# memphis amp flashing lights....



## lwrd93

my memphis st 3004 turns on then goes to the red light and back to green and keeps going back and forth?? unhooked everything from it checked the 2 fuses inside and there good. opened it up but nothing looked burnt or out of place. i had my front speakers running off it and twisted my back speakers in with the fronts to see if i wanted to have speakers in the back and left it mayb 2 days then the amp messed up, this is in a ext cab s10.


----------



## lwrd93

anyone know how to fix the outputs??


----------



## Oliver

AMP REPAIR CENTER Home Page

Have it fixed, Fix it or replace it !


----------



## GLN305

Do you have the amp bridged? If so then your impedance probably dropped too low.

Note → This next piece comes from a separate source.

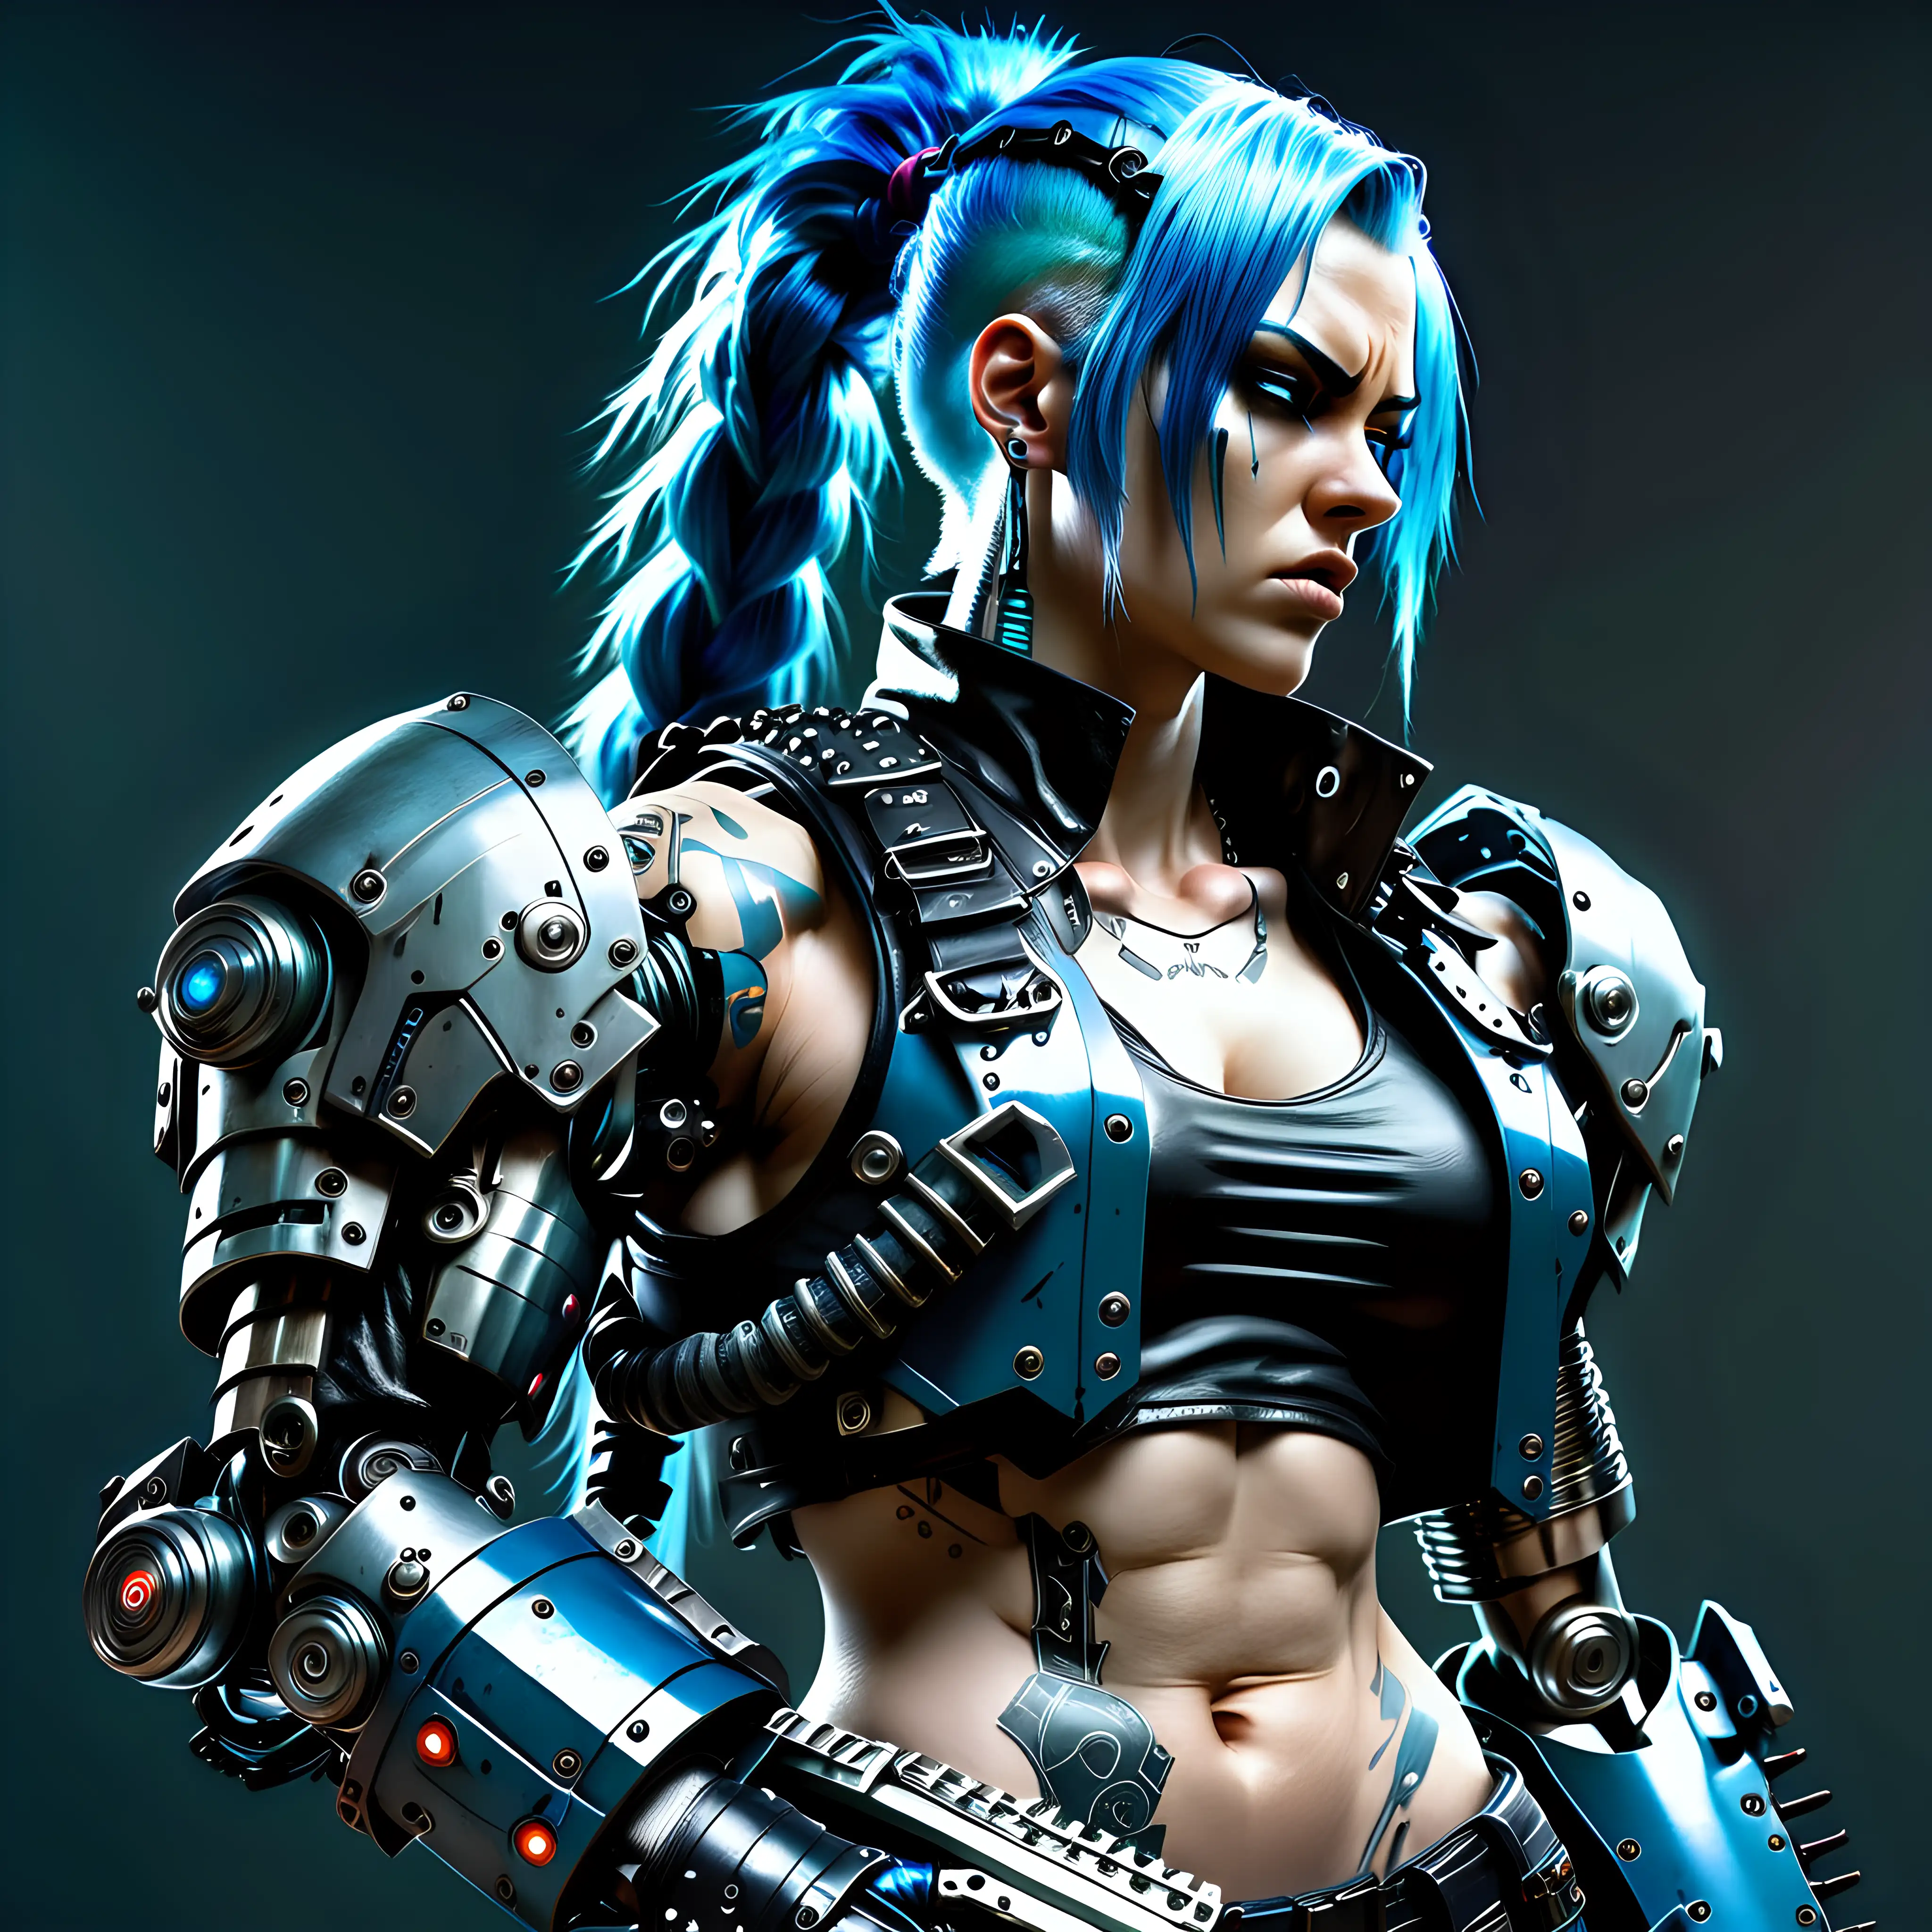 Fierce Androgynous Cyberpunk Mercenary with Robotic Arm

Have you tried taking the rear speakers off the amp?


----------



## lwrd93

No I unhooked everything.. Then hooked just the powe and ground and jumped the remote wire and still doing the same thing.


----------



## GLN305

lwrd93 said:


> No I unhooked everything.. Then hooked just the powe and ground and jumped the remote wire and still doing the same thing.


Sounds like it's time to send it in for repair.

dB-r Electronics


----------



## lwrd93

yah what i fear.. going to be pricey fix


----------